At baseline, before the start of the insulin infusion, the intraplatelet cGMP concentration tended to be higher in the nonobese than in the obese subjects (2.5±0.3 versus 1.9±0.2 pmol per 109 platelets, respectively; P=0.08, Figure 1). Compatible with inhibited platelet function, insulin increased platelet cGMP concentrations by 28% to 3.2±0.5 pmol/109 platelets in the nonobese subjects (P<0.01, Figure 1). Again, in the obese subjects, cGMP concentrations remained unchanged (1.8±0.1 pmol/109 platelets) and were 44% lower than cGMP concentrations in the nonobese subjects (P<0.01) at the end of the insulin infusion (Figure 1).
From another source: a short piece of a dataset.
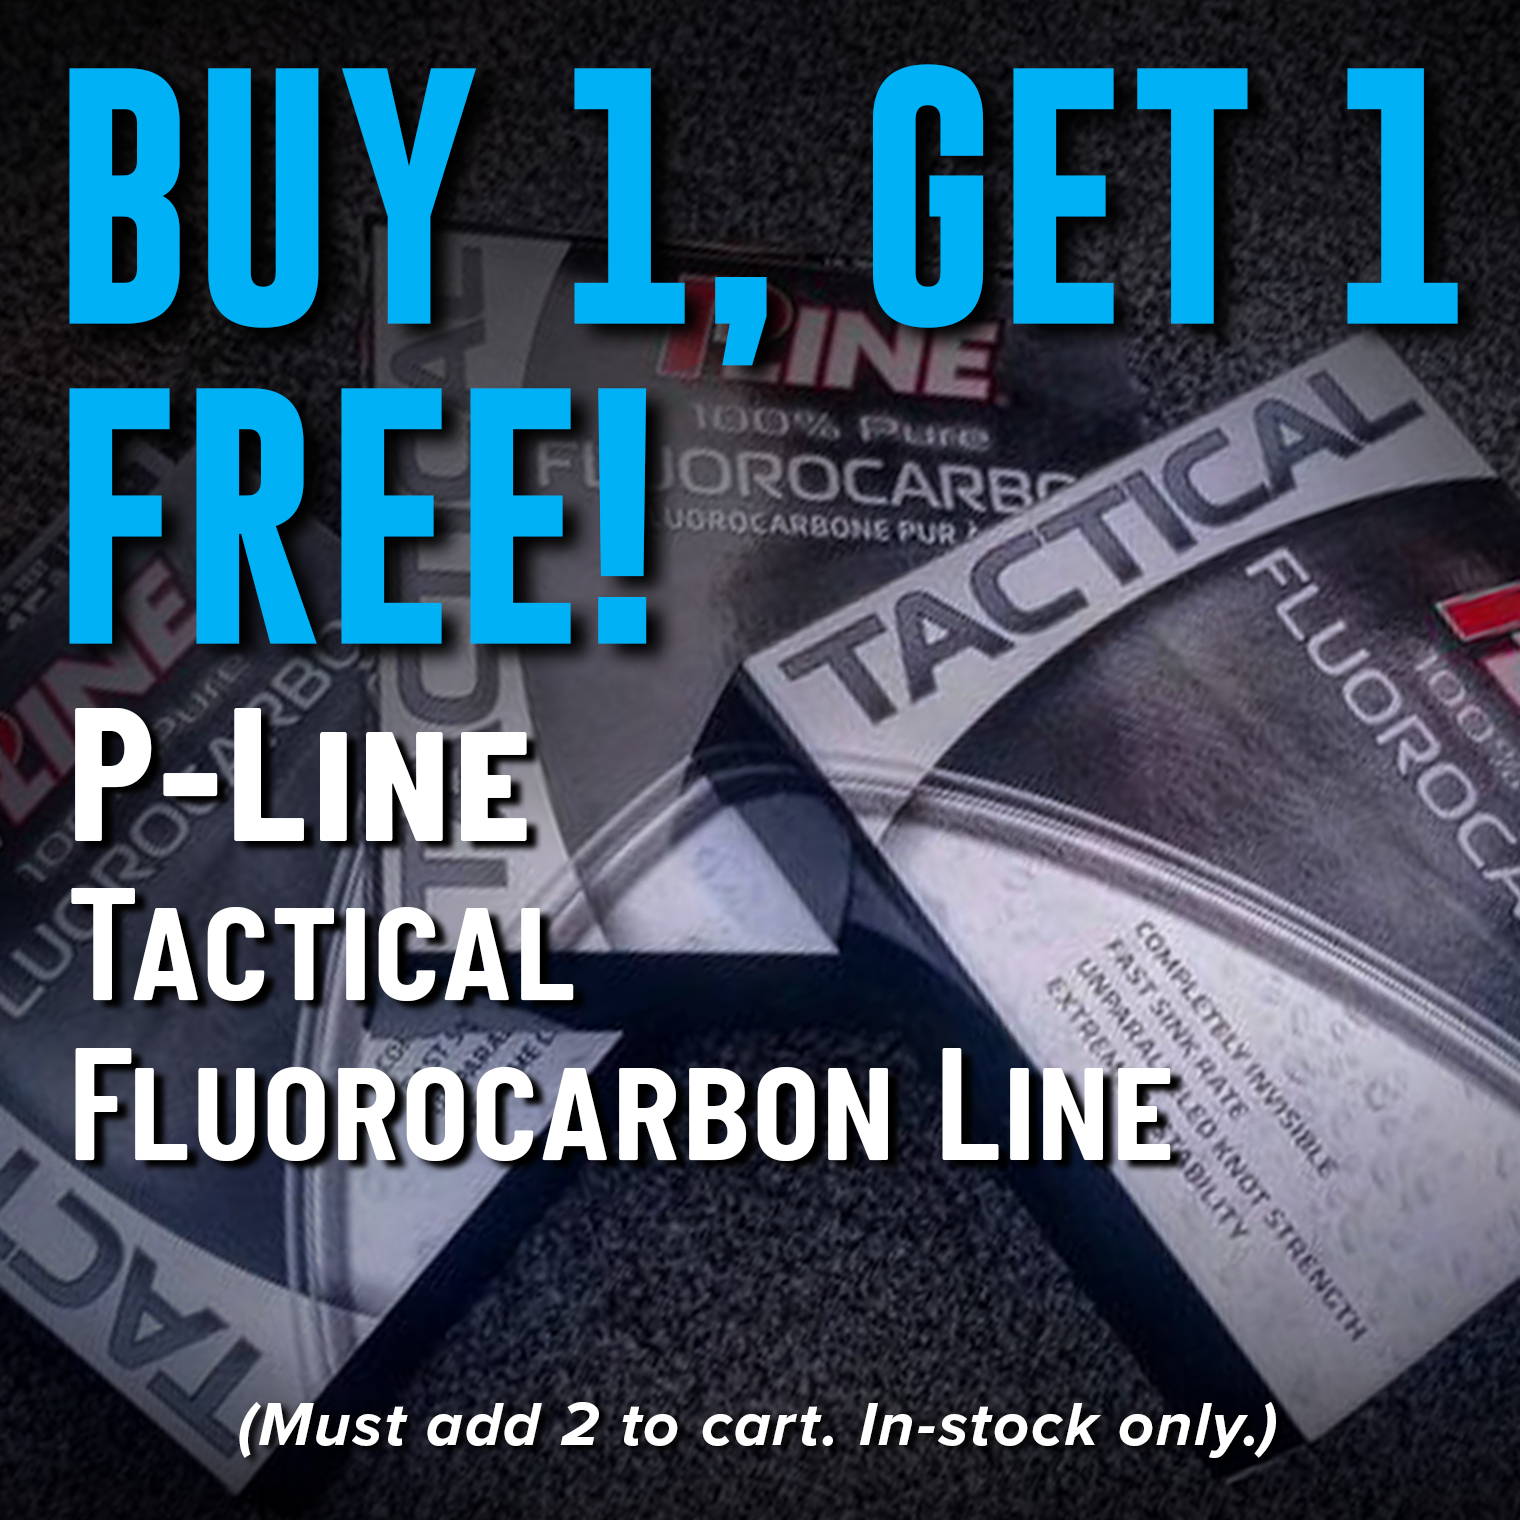 Buy 1, Get 1 Free! P-Line Tactical Fluorocarbon Line

Insulin action on whole-body glucose metabolism was correlated, regardless of the way it was expressed, with the change in platelet deposition to collagen (r=-0.58 [P<0.01], r=-0.60 [P<0.01], and r=-0.67 [P<0.01] for glucose metabolism expressed per kilogram body weight, body surface area, and kilogram fat-free mass; Figure 2). Also, triglyceride and PAI-1 antigen concentrations were correlated with the insulin-induced change in platelet deposition to collagen (r=0.52 [P<0.05] and r=0.55 [P<0.02], respectively).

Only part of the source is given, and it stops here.